Sabtu, 25 Februari 2012

Diakah Teman Sejati Anda?


N
aluri berteman memang dimiliki oleh semua orang dan juga merupakan salah satu hak asasi manusia. Namun, sebuah pertemanan dan pergaulan sosial tidaklah dapat dipaksakan, seseorang berhak terhadap privasi dan pilihannya untuk bergaul dengan siapapun. Hal inilah yang menuntut sedikit kearifan kita untuk bersikap bijak. Dari pemikiran dan pemahaman tersebut, lahirlah sebuah prinsip hidup “Interaksi sosial antar individu mutlak dibutuhkan, tetapi setiap individu hendaknya dapat hidup secara mandiri tanpa berharap bantuan dari individu lainnya, setiap individu berkewajiban membantu individu atau kelompok lain sesuai dengan kemampuan yang dimilikinya, tetapi ia sendiri hendaknya mampu hidup mandiri dan tidak berharap untuk dibantu individu ataupun kelompok lainnya.” Kalimat prinsip hidup ini sejalan dengan kalimat yang disampaikan oleh  His Holiness Dalai Lama “Bila Anda menolong orang lain, dengan motivasi dan kepedulian yang tulus, maka akan membawa Anda lebih beruntung, banyak sahabat, banyak senyuman dan lebih sukses. Jikalau Anda melupakan hak orang lain serta melalaikan kesejahteraan mereka, maka akhirnya Anda akan kesepian.”
Ketulusan dalam hal membantu orang ataupun makhluk lain, amatlah menentukan kebahagiaan dan juga kemajuan batin seseorang yang membantu. Bila seseorang membantu dengan motivasi bantuan ini saya lakukan demi menolong dia yang membutuhan serta untuk menunjang kedewasaan batin saya sendiri (untuk mengurangi egoitas diri) tanpa mengharapkan balas jasa dalam bentuk apapun dari dia yang menerima pertolongan saya, maka keuntungan pertama yang diperoleh oleh ia, si pemberi dana adalah rasa plong kelegaan batin setelah melakukan pertolongan, tanpa disertai pertanyaan apakah ia yang menerima bantuan dari saya akan mengingat jasa kebajikan yang saya perbuat terhadapnya. Atau, akankah kebajikan yang telah saya perbuat ini mampu menghasilkan akibat positif saat saya membutuhkannya. Ini tentu saja mencegah timbulnya perasaan gelisah setelah berbuat hal yang baik. Mengingat tak semua penerima bantuan mau dan mampu untuk mengingat dan membalas budi baik orang lain.

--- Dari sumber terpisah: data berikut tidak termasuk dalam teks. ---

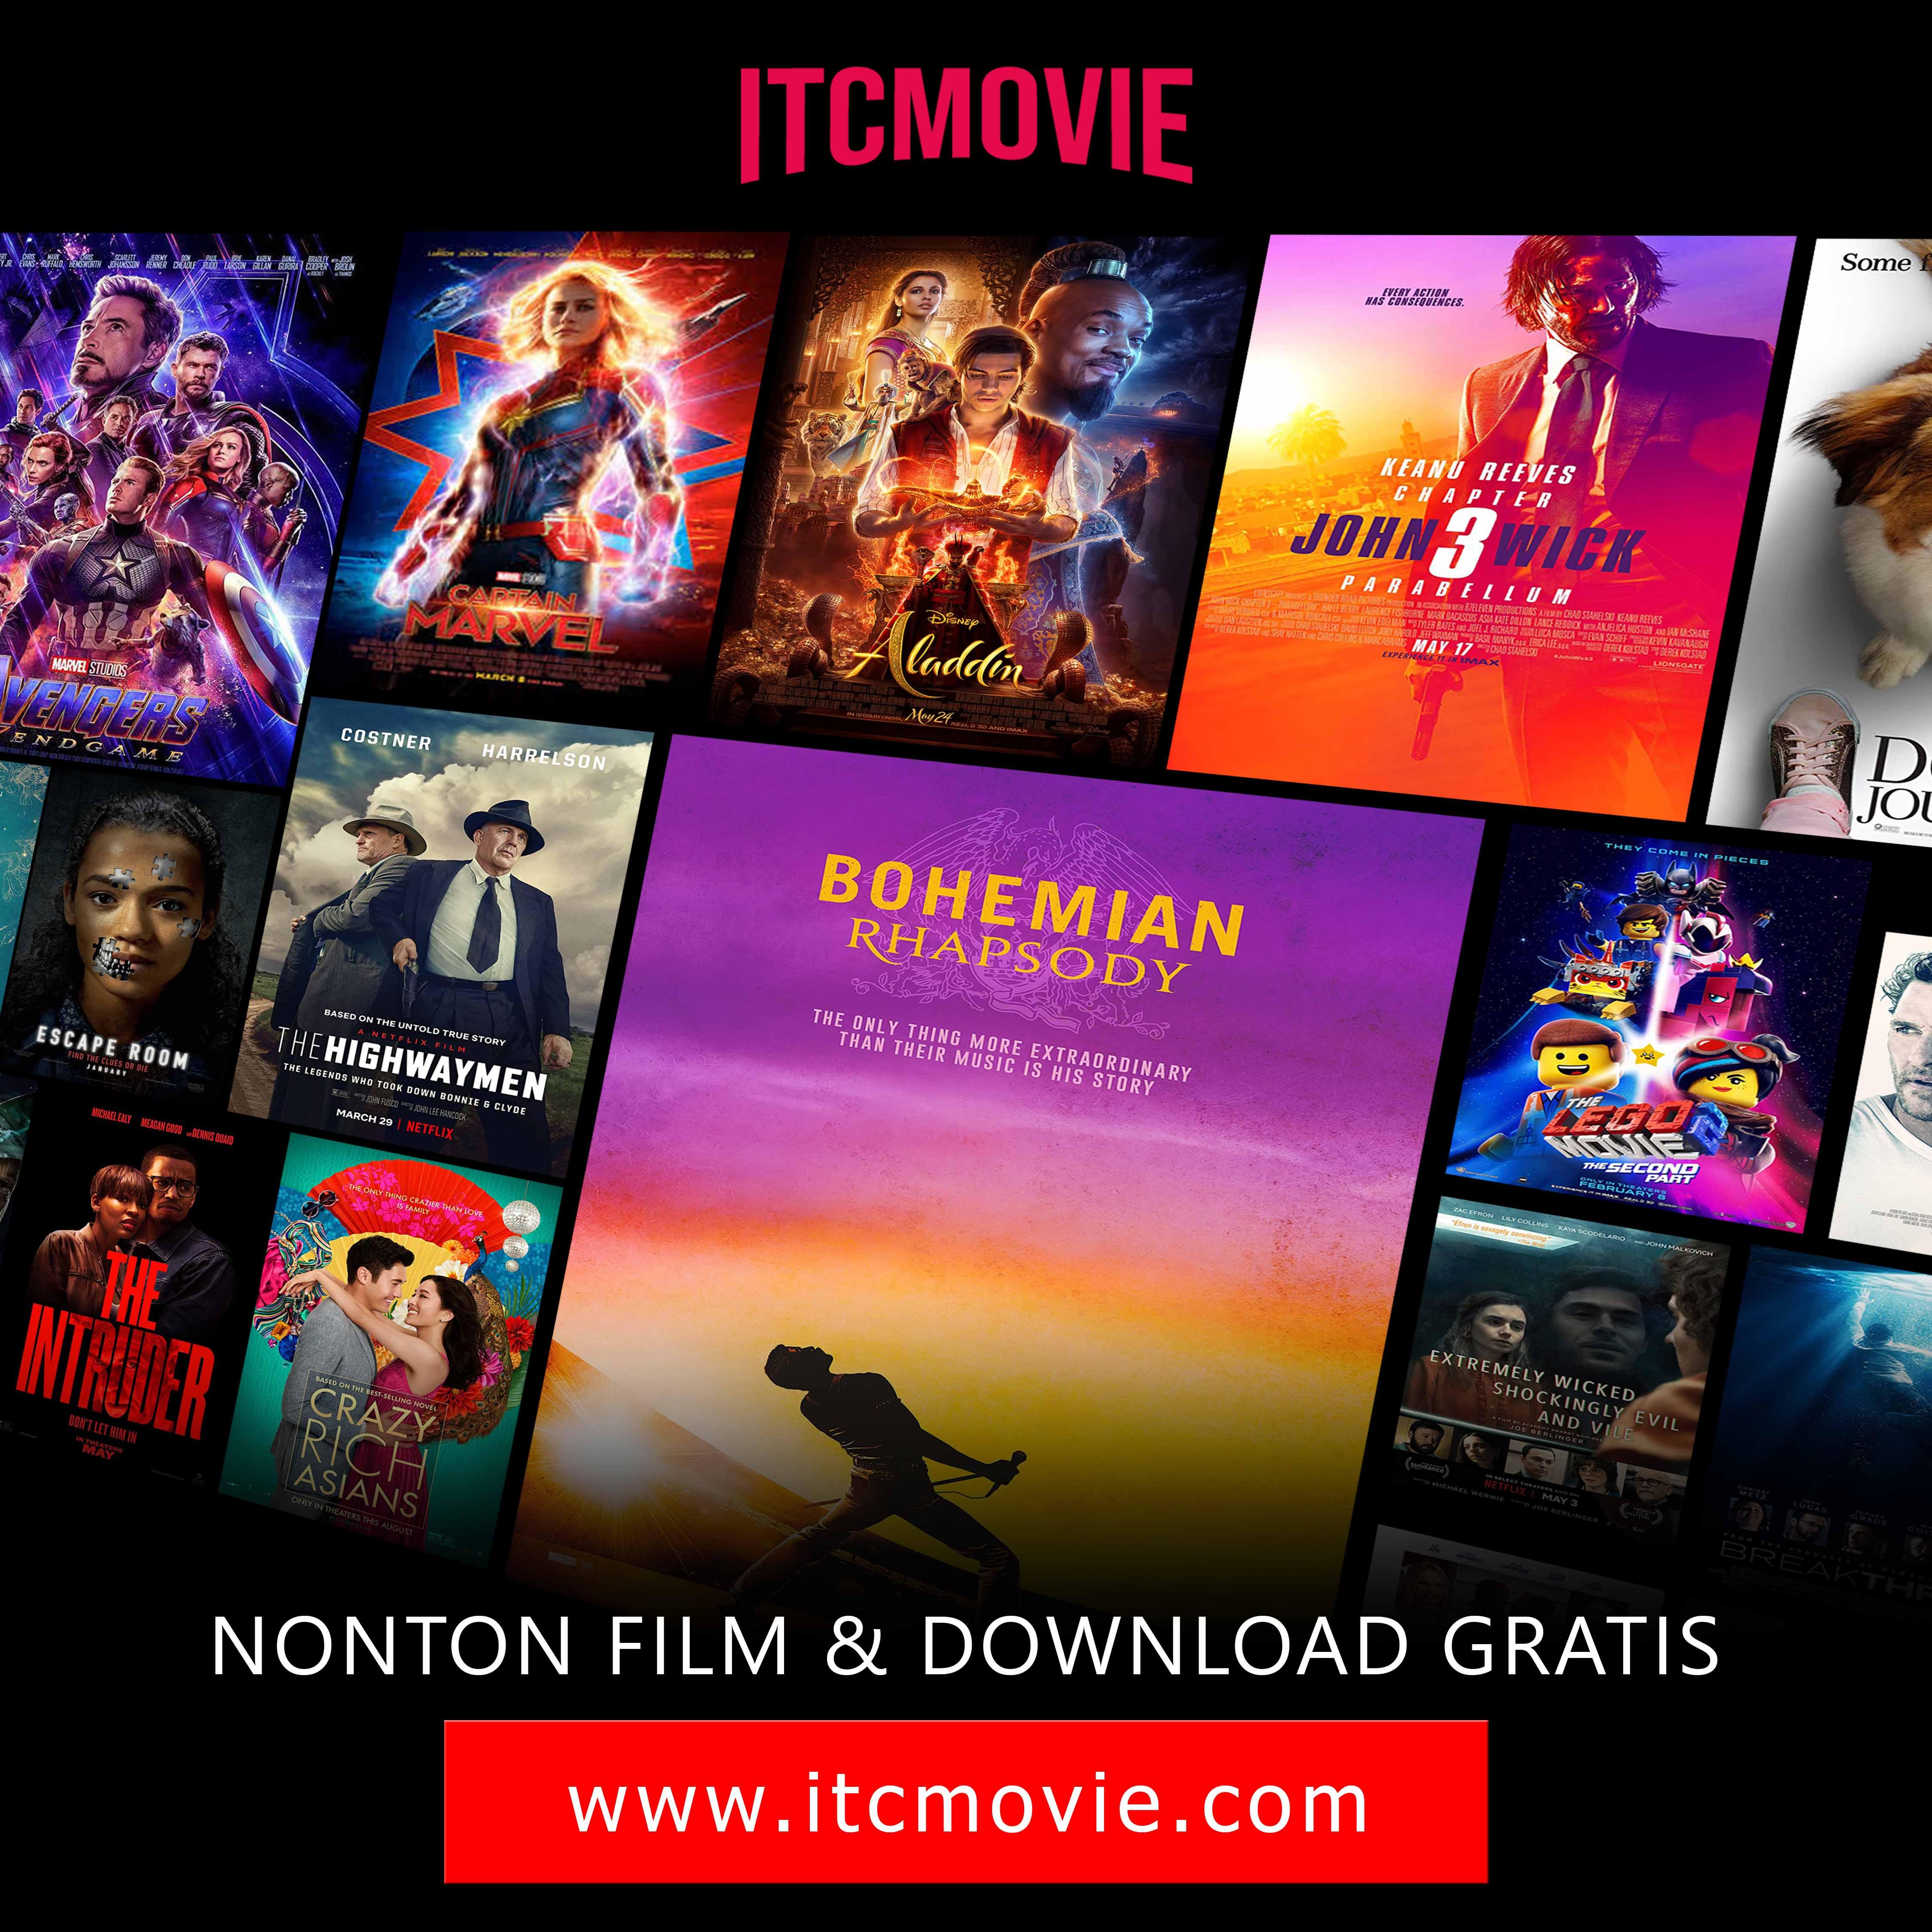 Nonton Film Online Terbaru Sub Indo 2019 di ITCMOVIE.COM

Banyak aspek yang harus kita perhatikan dalam interaksi sosial kita dengan orang lain.  Mulai dari aspek kemurahan hati, pelaksanaan moralitas dan etika sosial, hingga kebijaksanaan dalam interaksi sosial kemasyarakatan. Satu hal yang perlu ditekankan dalam pembahasan ini adalahkendalikanlah ego dalam diri kita masing-masing, tidaklah mungkin kita dapat “menguasai serta memiliki” manusia lain seutuhnya. Janganlah bermimpi untuk memerintahkan orang lain sesuai dengan keinginan kita atau “semau gue” karena itu tak akan mungkin terjadi. Mereka menuruti kita hanya karena rasa takut, enggan membantah, karena mungkin kita memiliki “power” dilingkungan itu atau mungkin mereka tak enak hati untuk membantah kita karena kita telah menggaji mereka ataupun membantu kehidupan mereka. Ini tidaklah kekal! Mereka dapat berubah ketika faktor – faktor yang mereka segani hilang dari diri kita. Jadi satu hal yang harus dicamkan dalam diri kita masing-masing.
Don’t use power to manage social live. Use your wisdom to manage it.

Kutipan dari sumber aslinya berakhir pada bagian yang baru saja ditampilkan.